Electronic money means monetary value issued on receipt of funds. Electronic money is a prepaid product.
“Faster Payments”
Faster Payments is an electronic payment system to send bank payments in seconds instead of three working days.
“FCA”
Financial Conduct Authority
“Minimum Volume Transaction Fee”
£5.00 a month for any active account with no transactions in a given month.
“Normal Business Hours”
9.00 am to 5.00 pm local UK time, each Business Day.
“Payee”
A individual or businesses details who could receive funds from Telleroo
“Payment Information”
information provided by you in relation to Payments, including without limitation payee account names, account numbers, sort codes, amount to be transferred, denominated currency and payment date.
“Payment Services”
Payment service means a transaction carried out through our Online Services.
“Payment Submission”
referring to the act of creating payments, regardless of the payment, file import or submitted by an authorised third party.
“Payments”
payments by you using the Services. If not stated otherwise referring to UK Faster Payments.
“Pay Run”
Combining one or more individual payments into one aggregate value, including total amount and number of payments.
“Payment Information”
any information provided to Telleroo in connection with a Payment including but not limited to information relating to payment amounts, bank details, references, etc.).
“Periodic Review”
A review conducted by Telleroo at periodic intervals throughout the agreement. The frequency varies depending upon Telleroo’s internal risk appetite.
“The Principal Firm”
A firm that is authorised for certain activities in the UK.
“Services”
the services made available under this Agreement, as described in clause 5.
“Software”
the online software applications provided by Telleroo as part of the Services.
“Sub-processor”
a person or entity subcontracted by you to process your data in accordance with your obligations under or in connection with this Agreement.
“Subscription Term”
has the meaning given in clause 8.
“Transaction”
A payment to an entity through the Telleroo account.
“Telleroo account”
Your electronic money account for the purpose of using the Service.
“Telleroo platform user”
Anyone who you give access to Telleroo and its services.
“Virus”
anything or device (including any software, code, file or programme) which may: prevent, impair or otherwise adversely affect the operation of any computer software, hardware or network, any telecommunications service, equipment or network or any other service or device; prevent, impair or otherwise adversely affect access to or the operation of any programme or data, including the reliability of any programme or data (whether by re-arranging, altering or erasing the programme or data in whole or part or otherwise); or adversely affect the user experience, including worms, trojan horses, viruses and other similar things or devices.
“Your Data”
the data, including Payment Information, inputted by you and/or its Authorised Users into the Service.
If you have any questions or a complaint about this Agreement, Privacy Notice or services, please check our Frequently Asked Questions (“FAQ”) or get in touch with us:
We may contact you through the app, LiveChat, email, telephone or in writing at the registered office address for the company.
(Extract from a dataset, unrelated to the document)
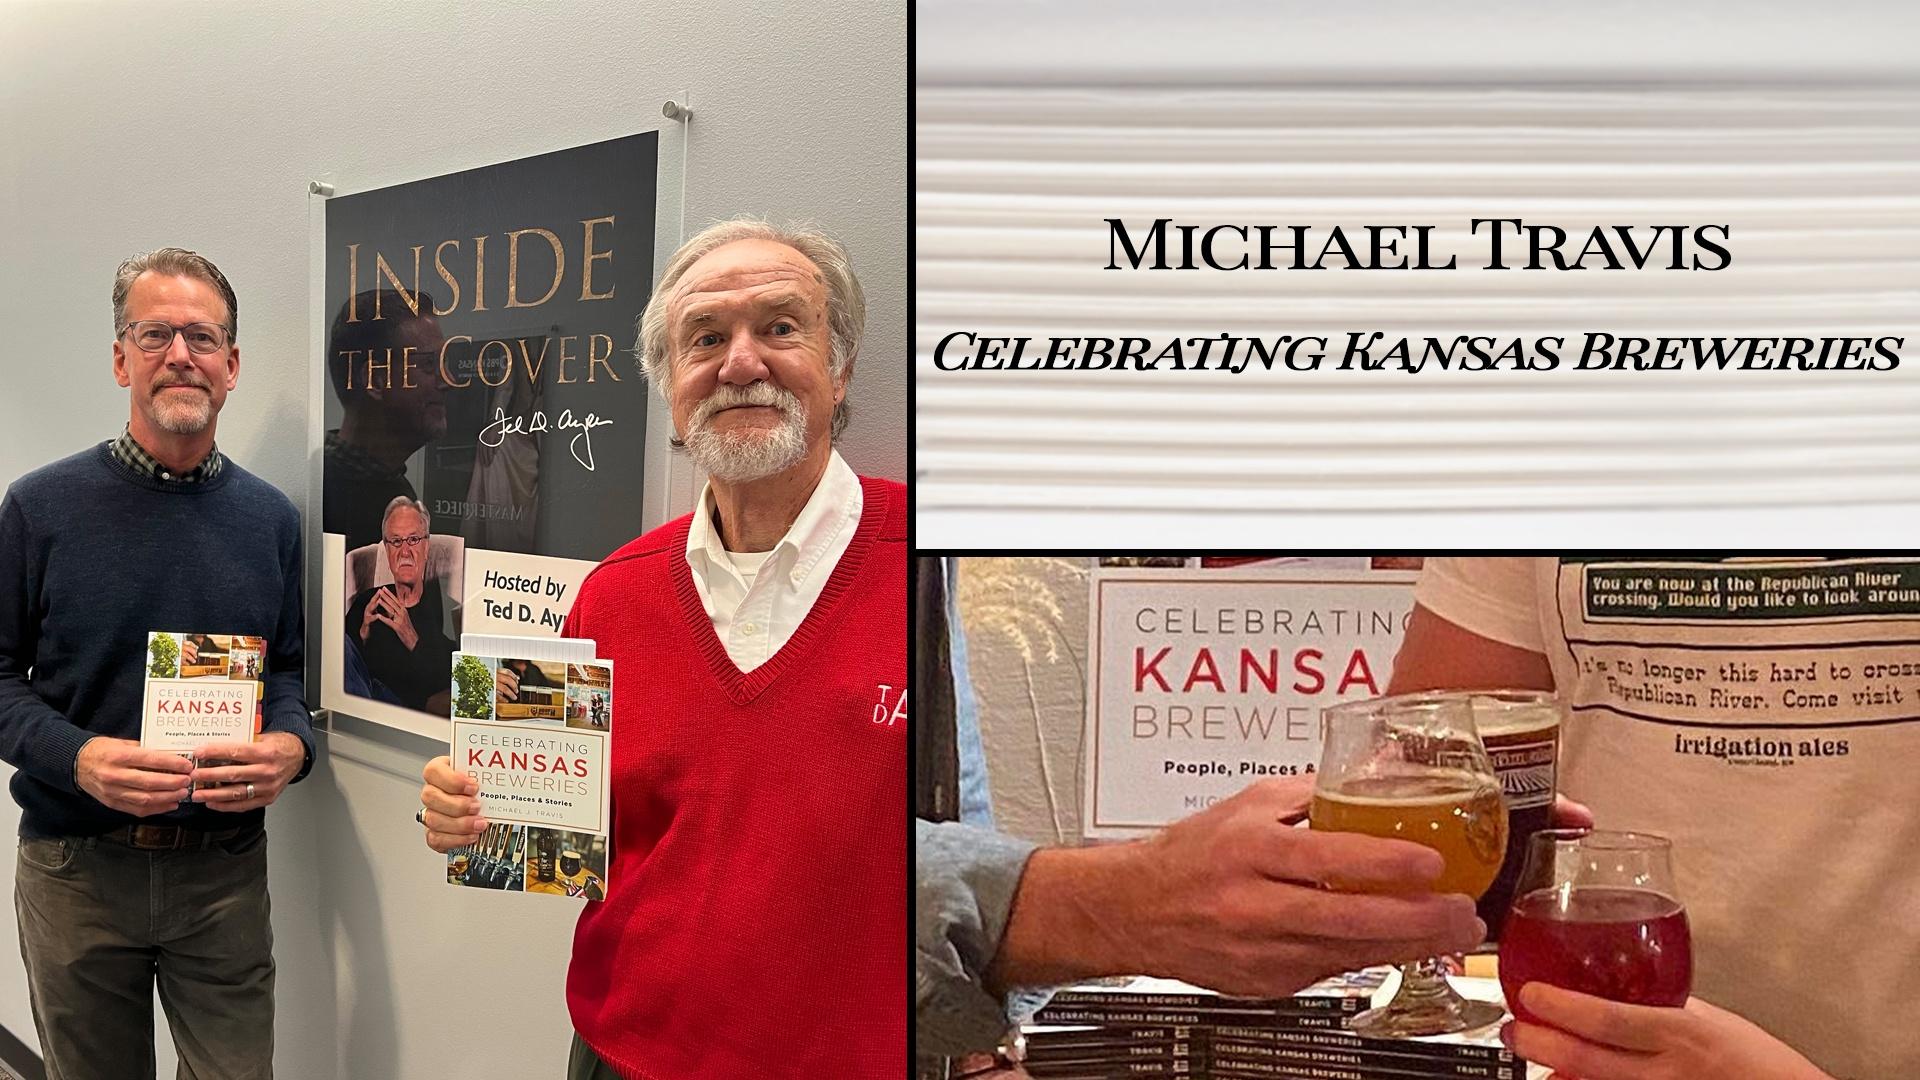 Michael Travis "Celebrating Kansas Breweries"

Any communications or documents from us will be in English, including this Agreement and our Privacy Notice.
Telleroo is acting as an Agent for Moorwand and PayrNet. Both Moorwand and Payrnet act as the authorised electronic money institution and are our principal firms. Signing up for a Telleroo account means your funds may be held under one of these principal firms.
Telleroo has been appointed as an Electronic Money Agent of Moorwand Ltd who are FCA regulated for the purposes of distributing and redeeming E-Money and providing Payment Services on behalf of its principal Moorwand Ltd.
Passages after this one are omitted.